В зеркалах отражалось странное. Из одного Славе улыбалось зубастое свиное рыло. В другом непрерывно стреляли. Было зеркало, где Славе призывно улыбалась Мерилин Монро, а в другом зеркале она же рассыпалась миллионом кукурузных зёрнышек. Внимание Славы привлекло зеркало с пустым заснеженным полем, над которым порхал огромный кулёк из супермаркета.
— Это для поэтов. Вы поэт? Или прозаик? О чём пишете?
Славу оскорбил такой тривиальный вопрос.
— Про жизнь. Про людей.
— Ага. Вот это попробуйте, — человечек сунул Славе тусклое зеркало. Сначала ничего не было видно, но потом Слава, кажется, увидал Тамерлана, почувствовал ногами бока разгорячённого коня, сжал копьё и метнул… Зеркало покрылось трещинами.
— Ой…
— Это ничего, это обман зрения. Понравилось? Будете покупать? Очень хорошие подделки.
— Так это подделки? — растерянно спросил Слава. — А подлинники? Я хочу подлинник.
— Ой, — человечек завопил не своим голосом, — и зачем, я бы хотел знать, Вам эти подлинники? Вы шо, собираетесь жить плохо и недолго? И потом, подлинники очень дорогие. И плохо приживляются.
— В смысле — приживляются?
— Ну, Вы сейчас выберете зеркальце, я Вам его установлю — и будете пользоваться. Я ж за зеркало плату не беру — только за установку, — человечек гадко улыбнулся. — Устанавливать же по-разному можно.
Слава спохватился. В пакете из-под кефира была заначка, полторы тысячи гривен. Но расставаться с ней, конечно, было жалко.
— А сколько, кстати, это стоит? — спросил он, указывая на зеркало.
Человечек наморщил лоб.
— Установка… Плюс базовый пакет… Плюс настройки. Итого — 75% печени и 30% нервных клеток.
Слава похолодел.
— Вы что, печень мне вырезать будете?
— Нет, что Вы, это иначе делается: оно само всё происходит, в рассрочку. Просто мне нужна гарантия, что эта часть печени моя.
Слава пролепетал:
— А подешевле что-нибудь?
Человечек покачал головой:
— Это и так с учётом всех скидок… Но если Вам дорого, посмотрите другие товары. Здоровые зубы! Очиститель совести. Корейская тёрка — сама трёт! Настольный пылесос! Вкус жизни в таблетках!
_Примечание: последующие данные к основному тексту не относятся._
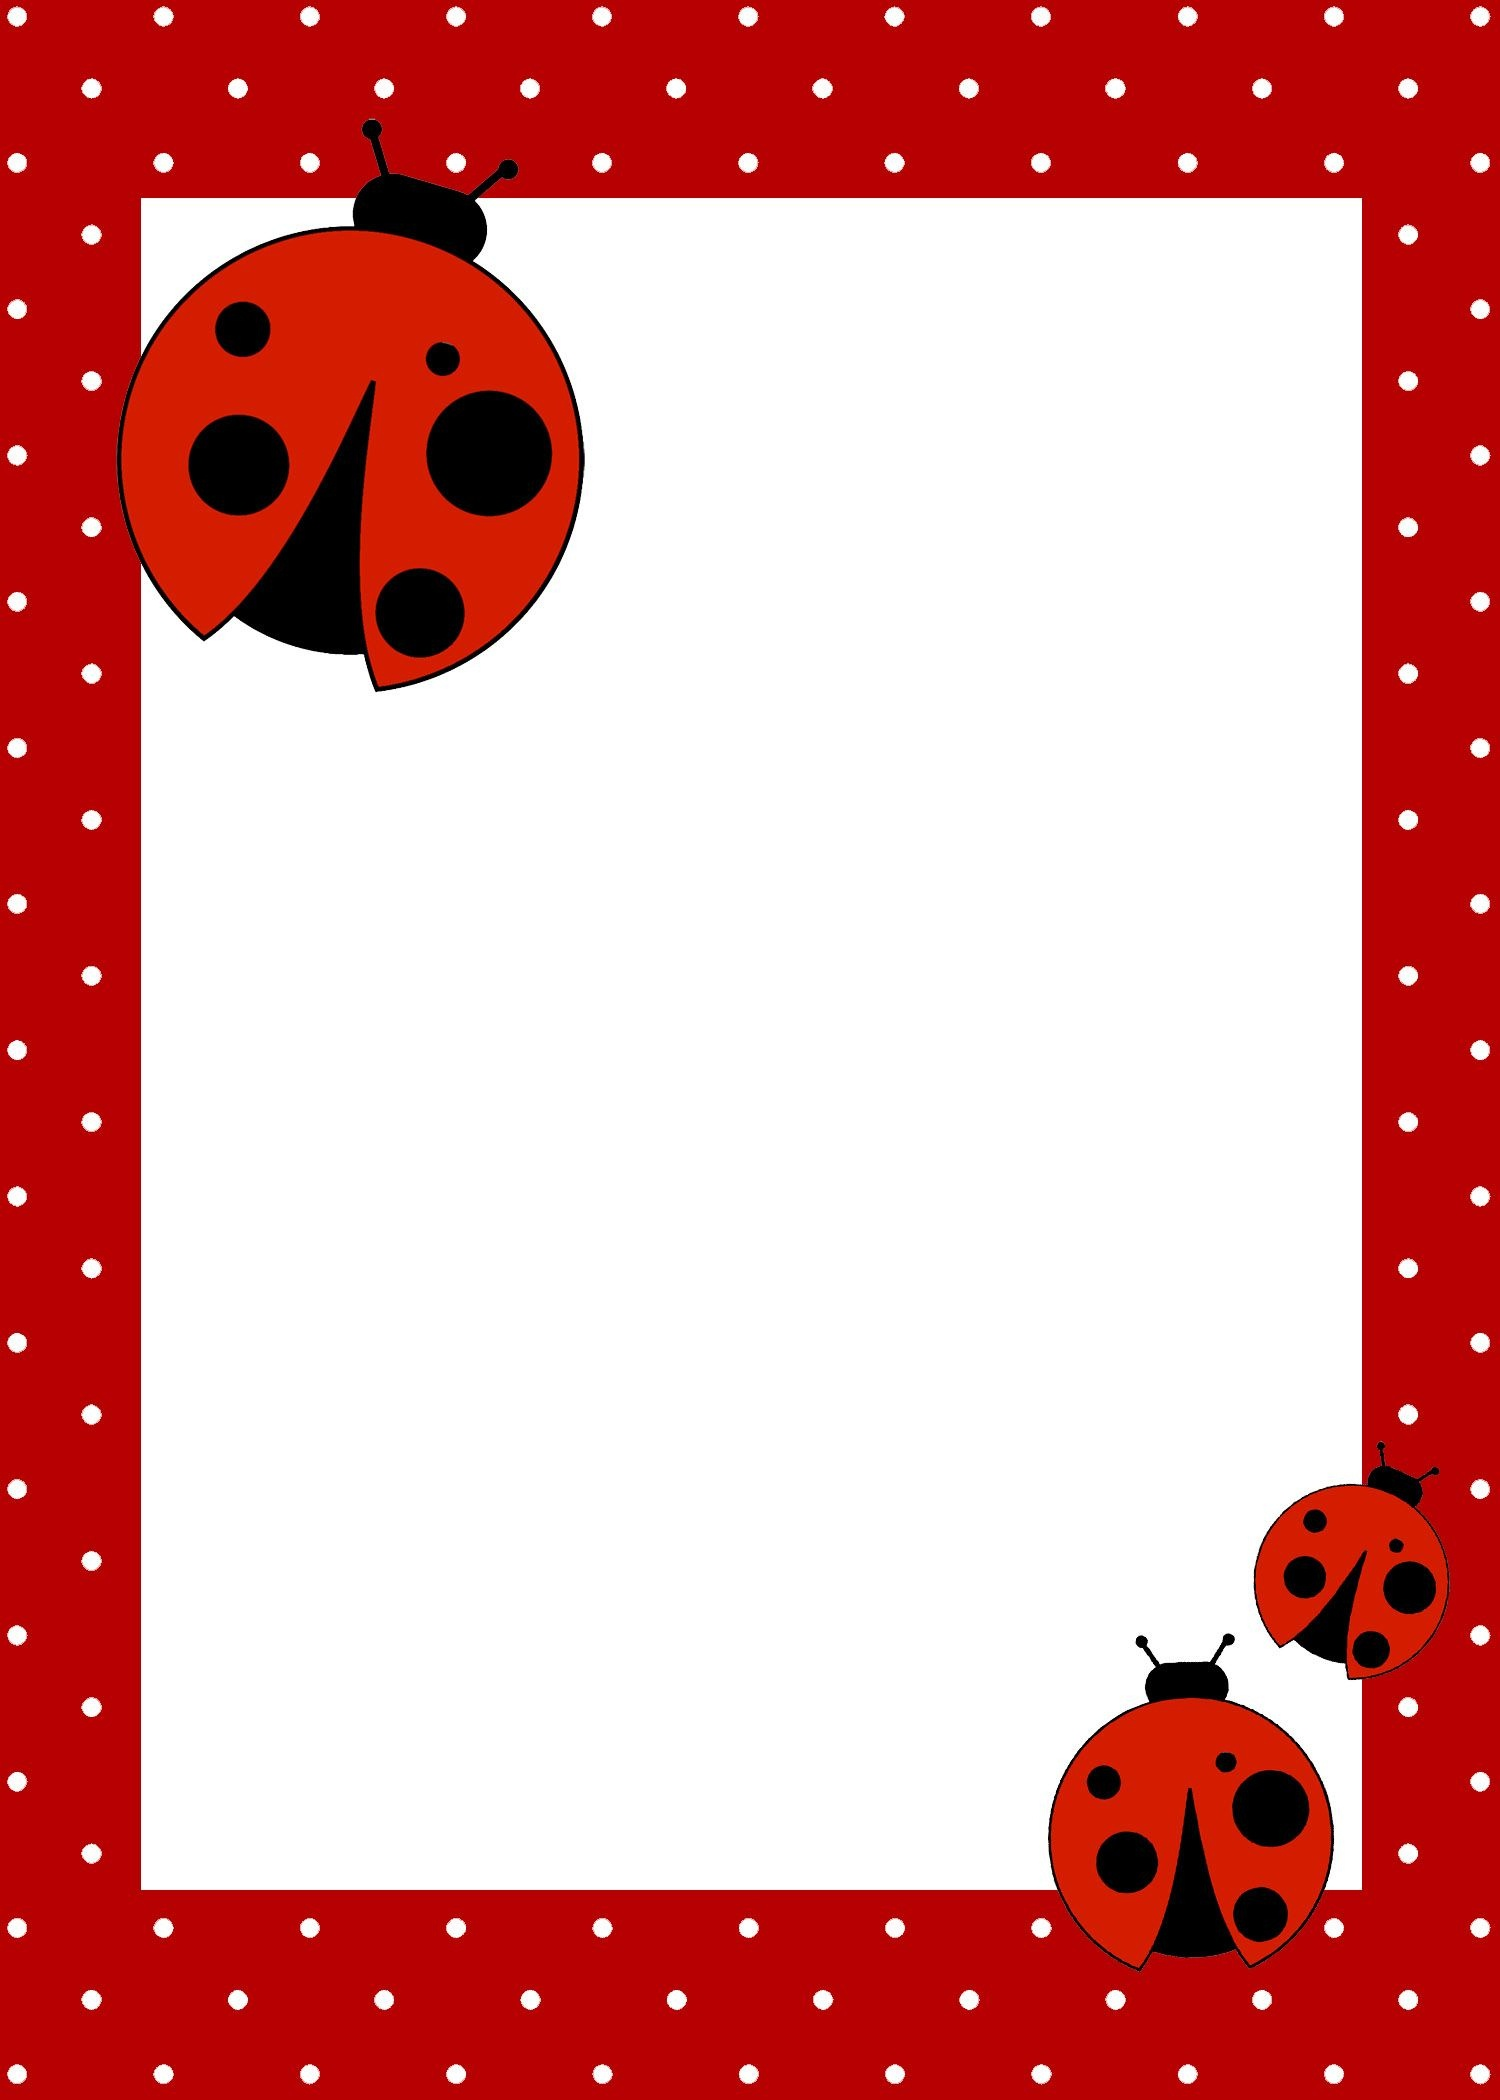 Ladybug Birthday Party With Free Printables | Lienky | Ladybug - Free Printable Ladybug Invitations

— Вот, вкус жизни… он почём?
— Ой, буквально нипочём! Подлинного сейчас нету, но это хорошая подделка — и стоит ерунду. Вам приживят пять килограммов жира. Понимаете, многие от жира избавляются, а нам же девать его куда-то надо. А с Вашей конституцией 5 килограммов — ерунда. Там, правда, реально больше будет, потому что вода и всякие жидкости… Но в пределах 12, не больше.
— Ну, давайте вкус… — нерешительно сказал Слава. — А он долго действует?
— Год гарантия. А там — как использовать будете. Вот здесь палец приложите. Ага… И безымянный ещё. Потом переустановить можно будет, не бойтесь. Ну, вот и всё. Тёрку корейскую точно не хотите? А штопор с отмычкой? Ну, тогда до свидания!
Крайне довольный, человечек поспешил к лифту. Слава запер дверь, засунул таблетку в рот и запил остывшим чаем. Чай внезапно отозвался мёдом, спокойной горечью и лёгкой терпкостью.
«Надо позвонить Мормышке», — подумал Слава. Мормышка торговала на рынке и, приходя в гости, яростно тёрла шершавые обмороженные пальцы, трогала их тёмными губами. Грудь у Мормышки была маленькая и дерзкая. Она любила мультики и смеялась короткими всхлипами — как лаяла.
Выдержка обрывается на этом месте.